----- DATA RECORDS

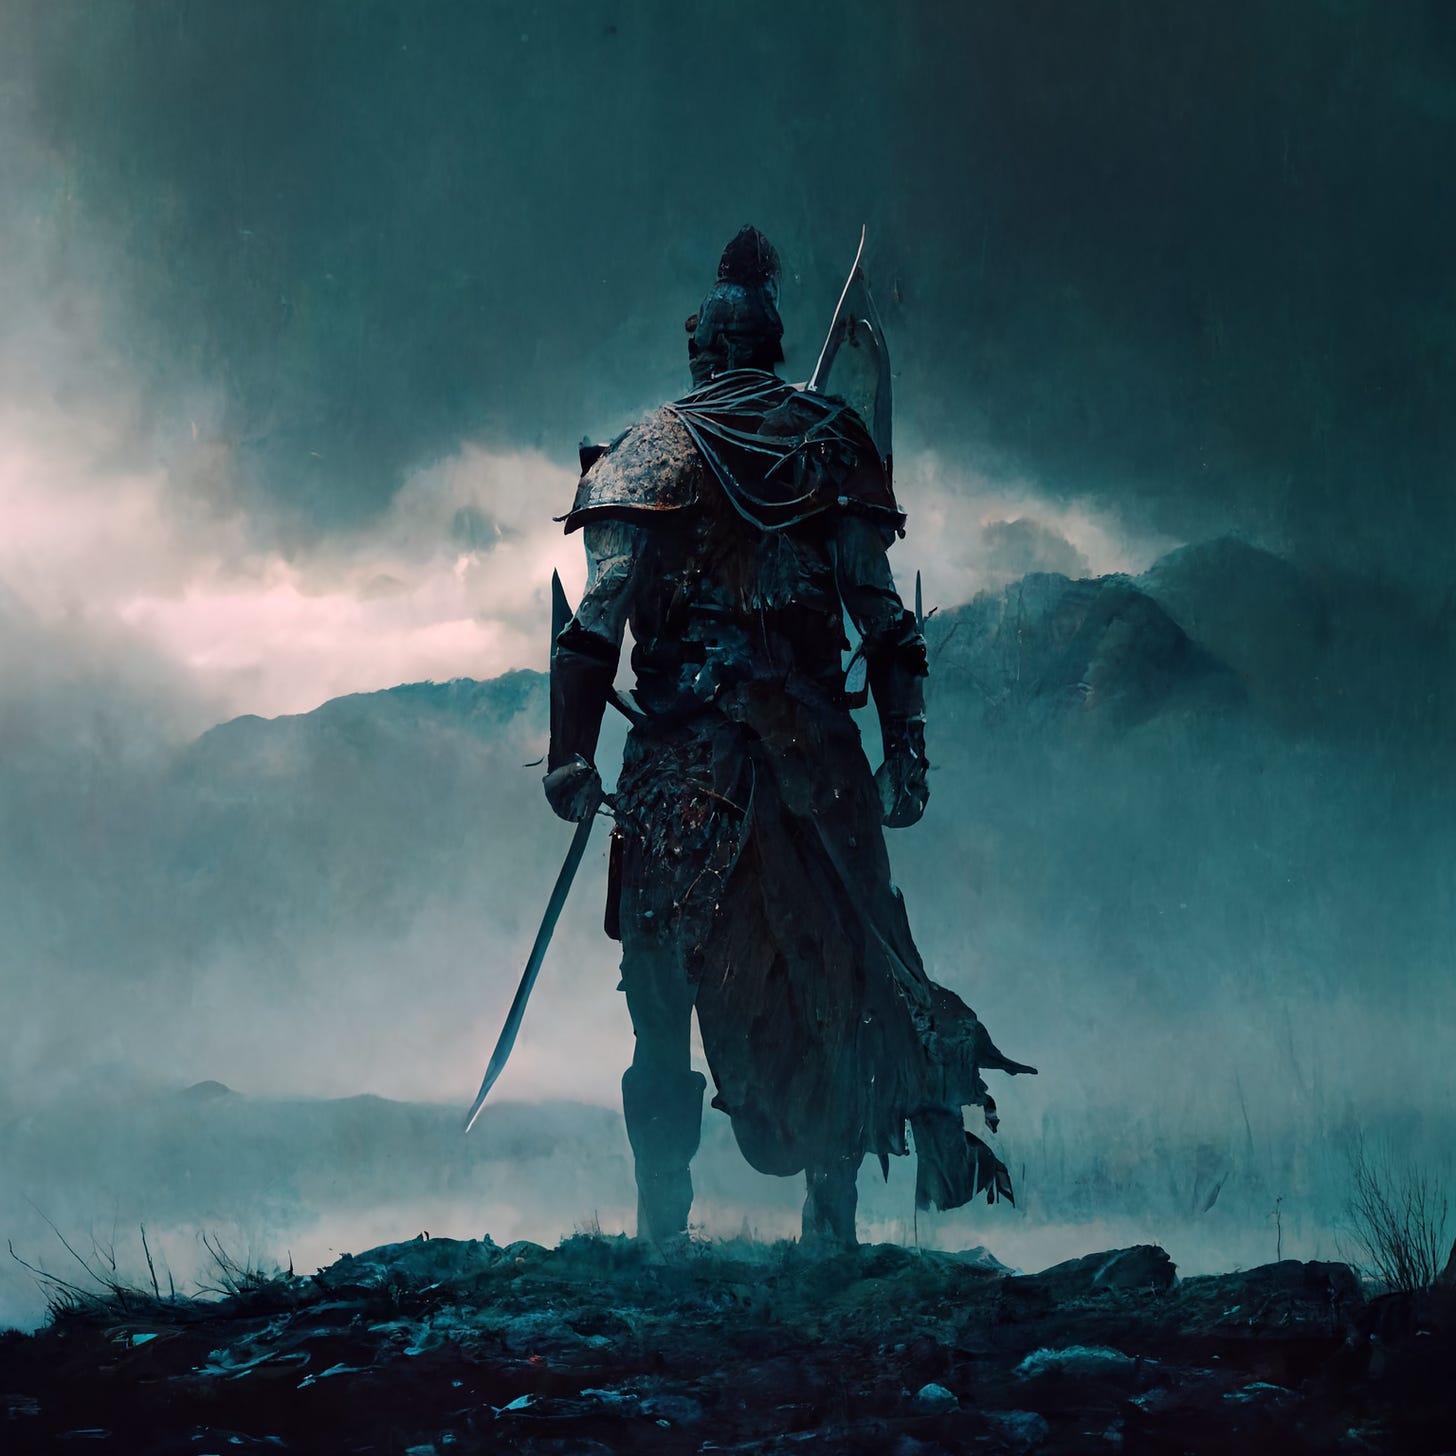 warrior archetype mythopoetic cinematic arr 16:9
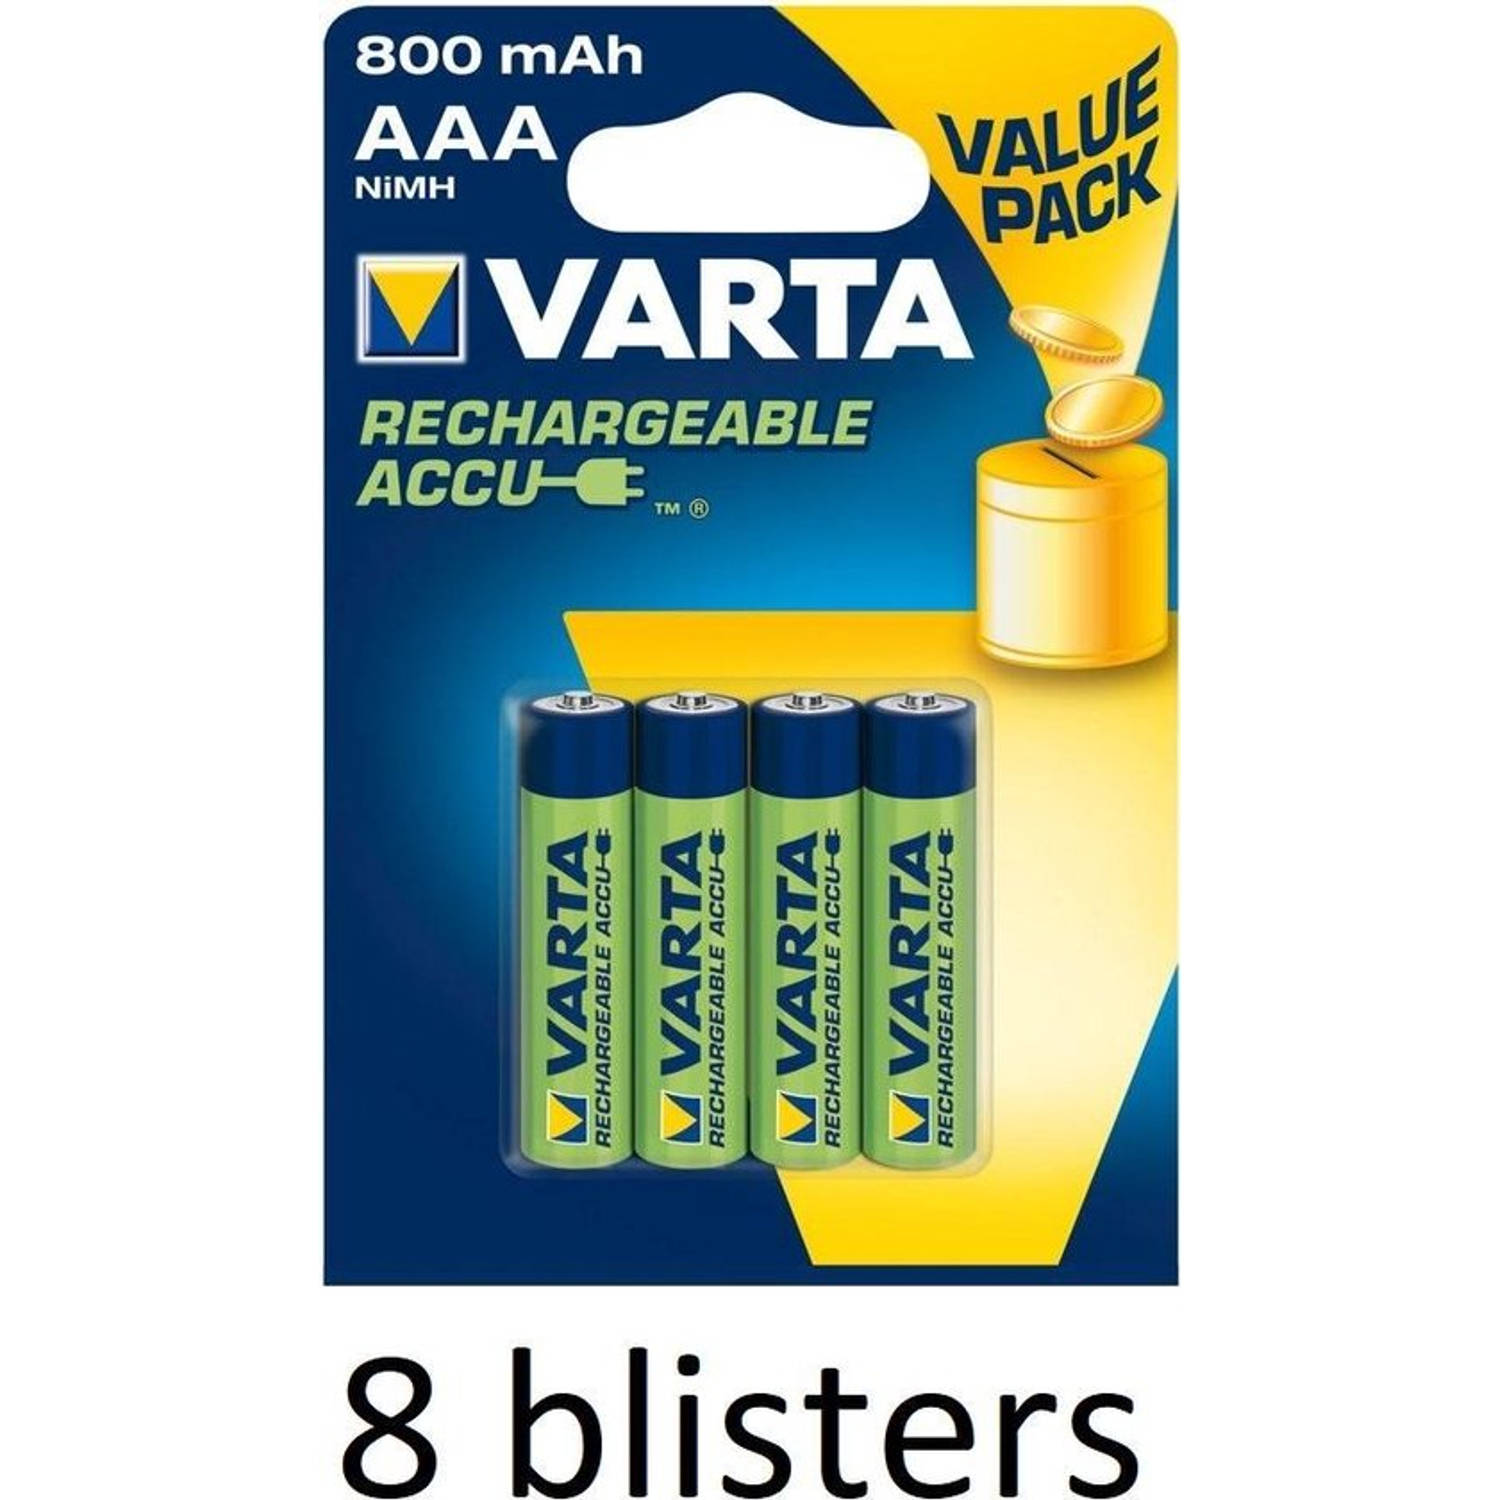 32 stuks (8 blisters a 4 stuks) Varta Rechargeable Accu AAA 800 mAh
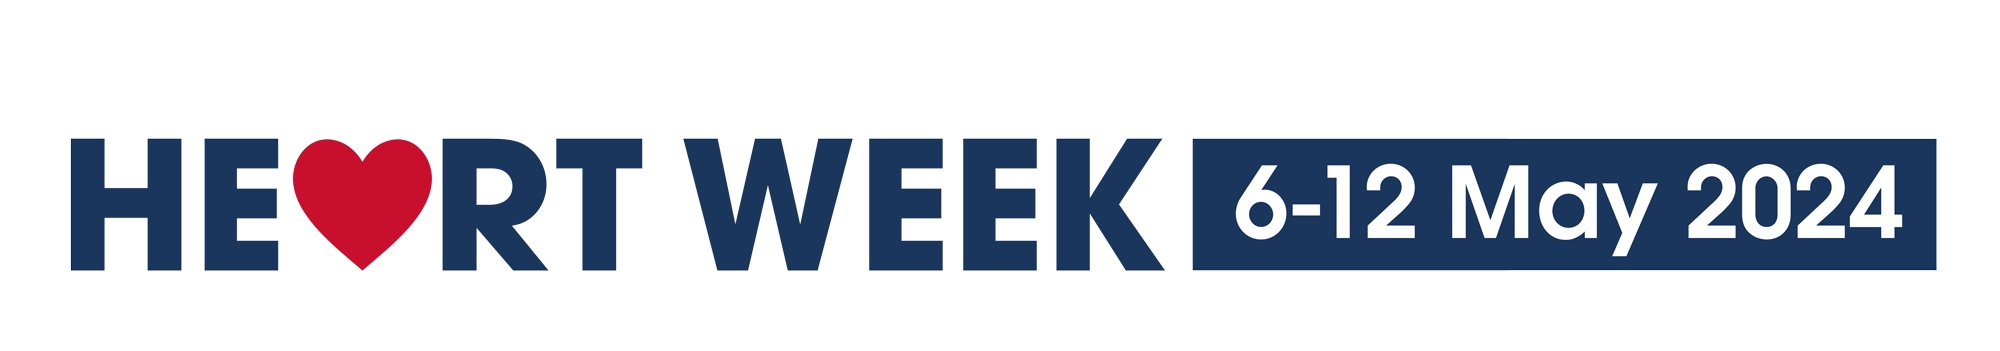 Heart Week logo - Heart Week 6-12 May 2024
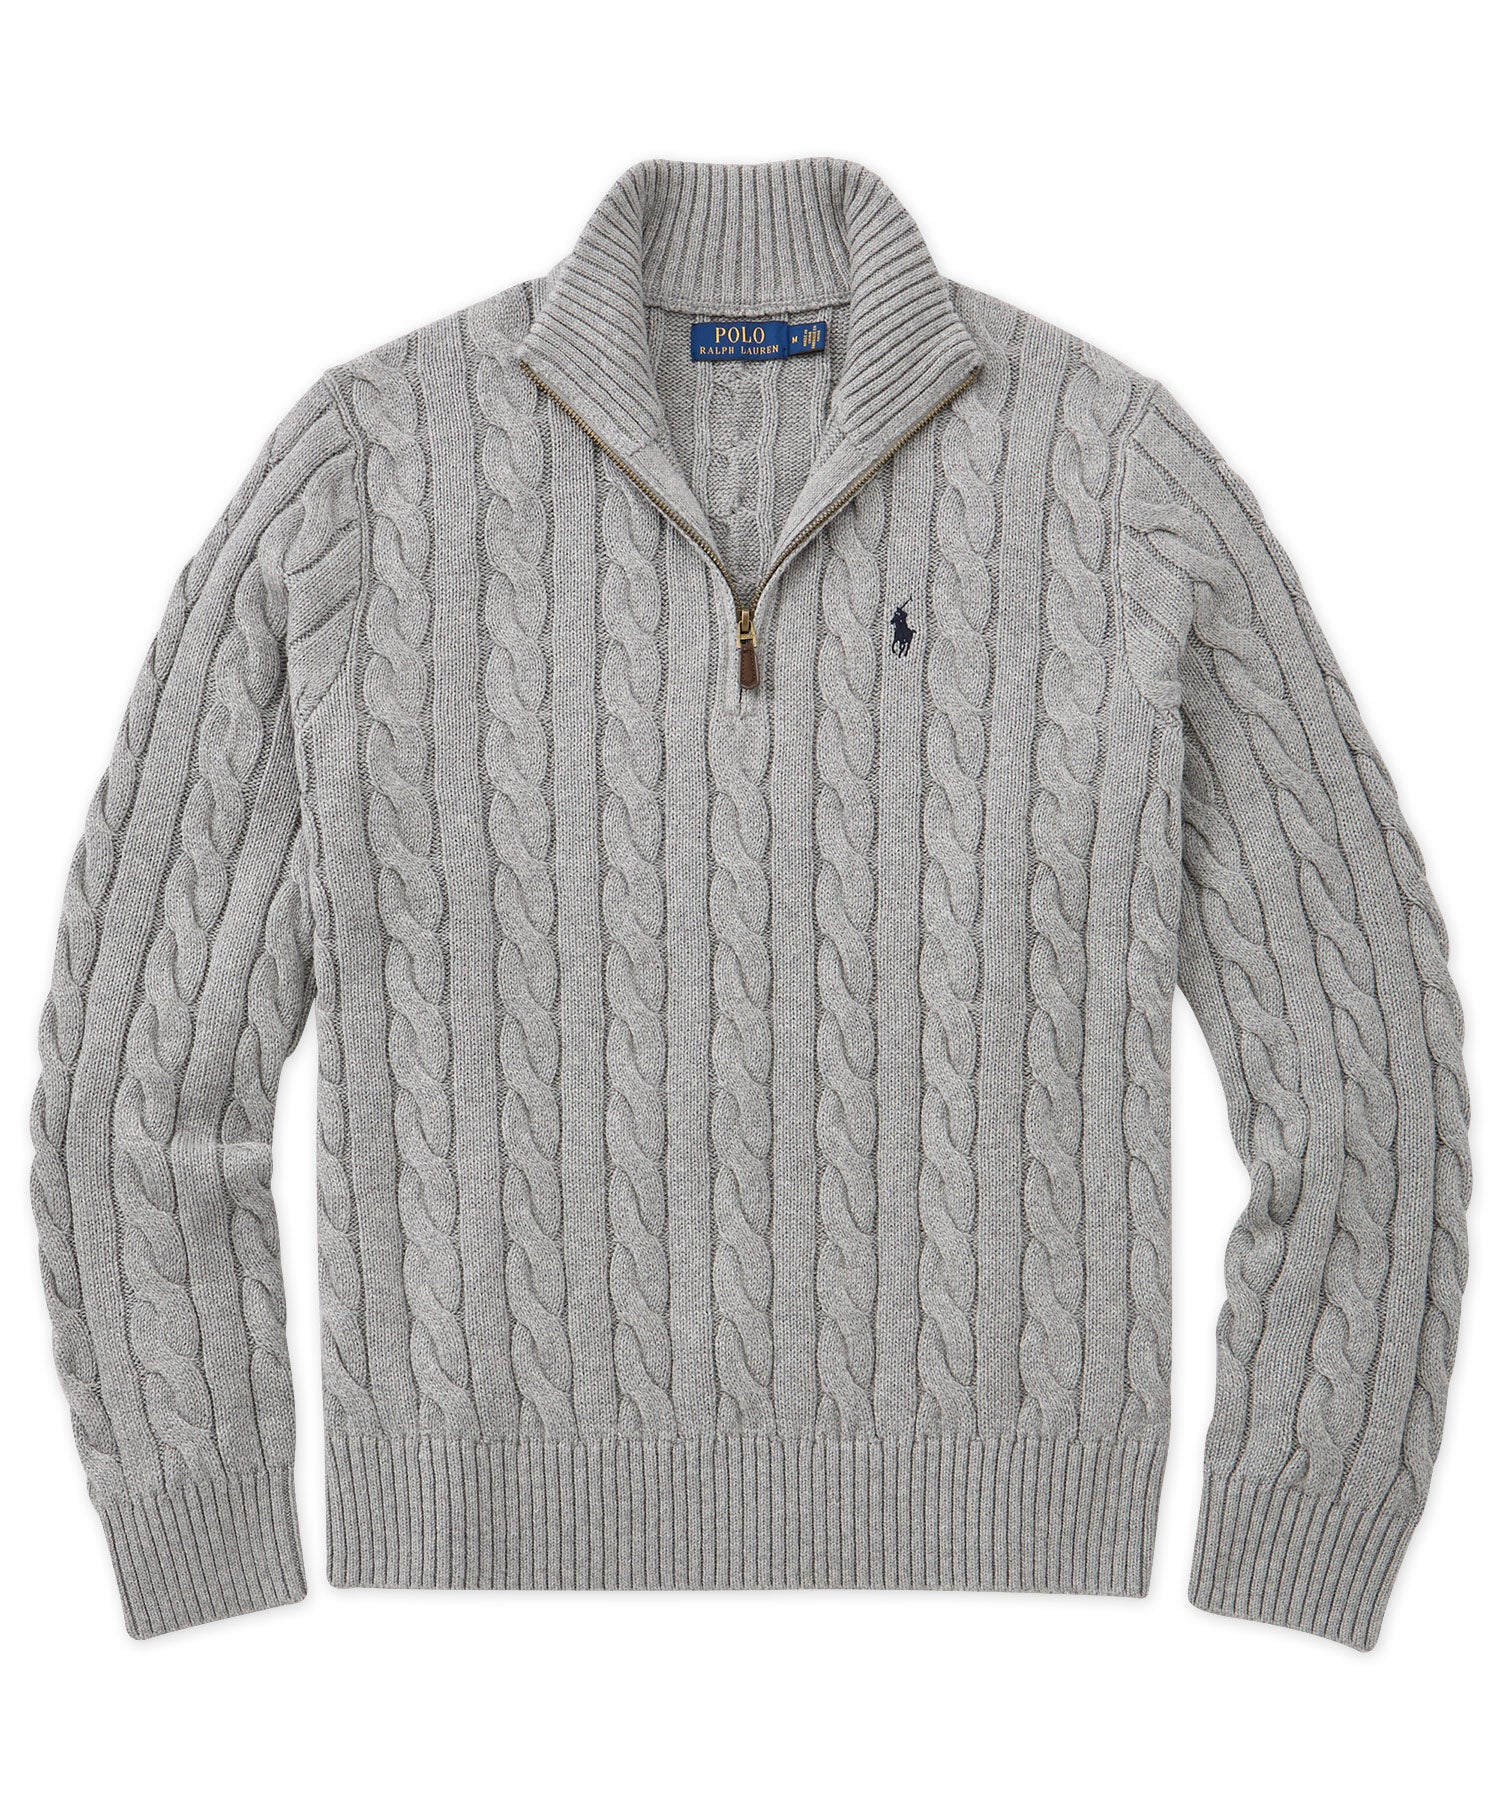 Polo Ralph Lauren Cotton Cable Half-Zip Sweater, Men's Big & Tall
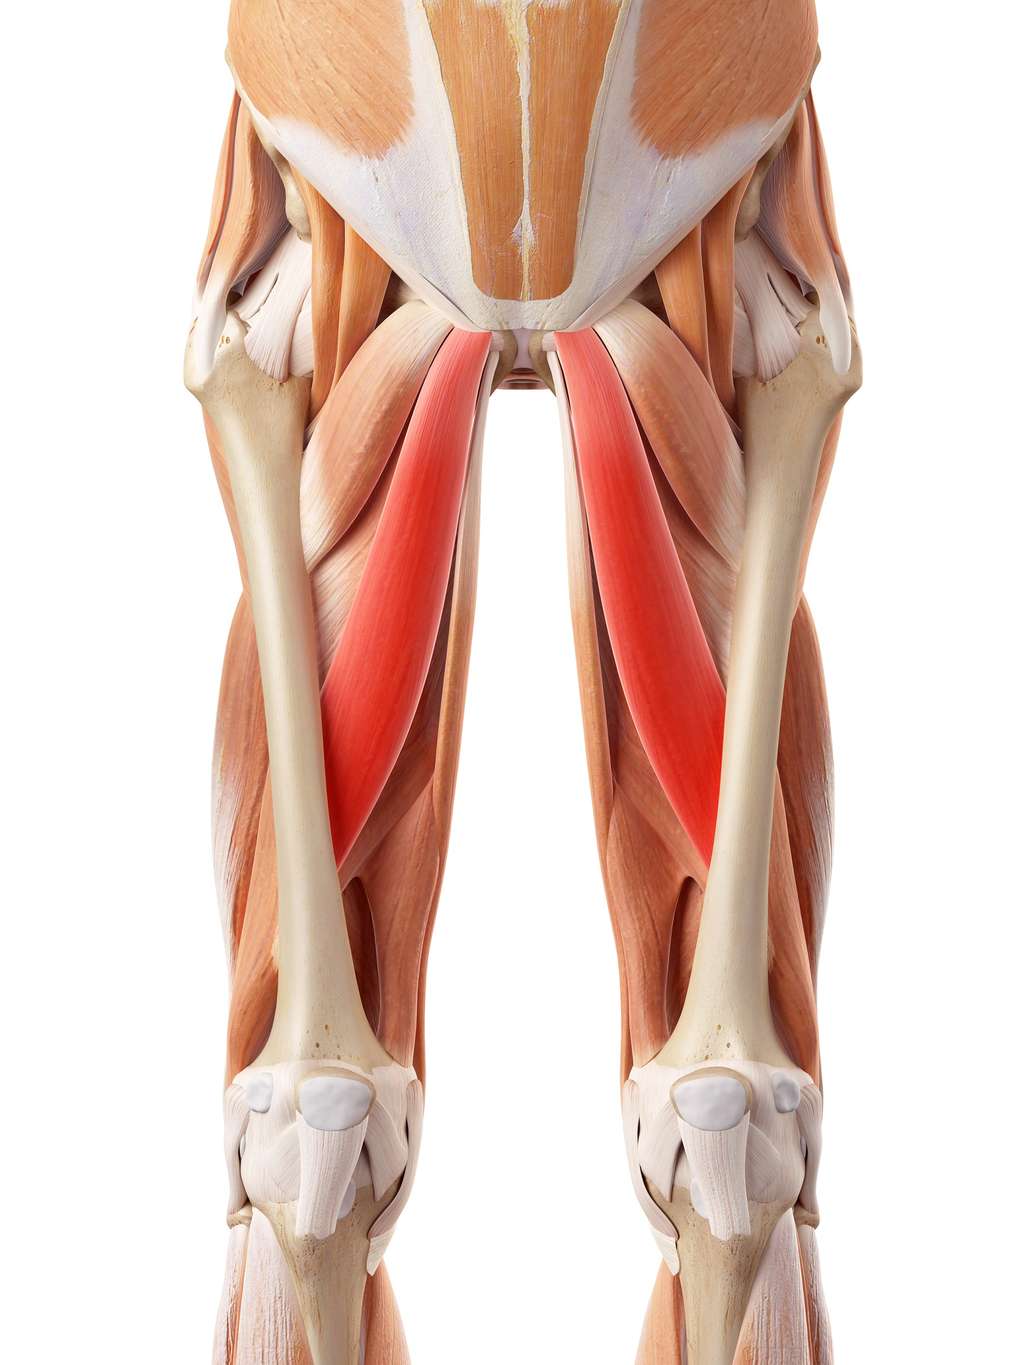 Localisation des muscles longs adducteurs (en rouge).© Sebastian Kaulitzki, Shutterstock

----------

> _ACTION ITEM_: Your answer must be the lines from the one containing "32 stuks (8" through the final line of the entries, duplicated exactly, with both ends kept and all pictures left out.

> _RESULT OF THE EXERCISE_:
 32 stuks (8 blisters a 4 stuks) Varta Rechargeable Accu AAA 800 mAh
 Heart Week logo - Heart Week 6-12 May 2024
 Polo Ralph Lauren Cotton Cable Half-Zip Sweater, Men's Big & Tall
 Localisation des muscles longs adducteurs (en rouge).© Sebastian Kaulitzki, Shutterstock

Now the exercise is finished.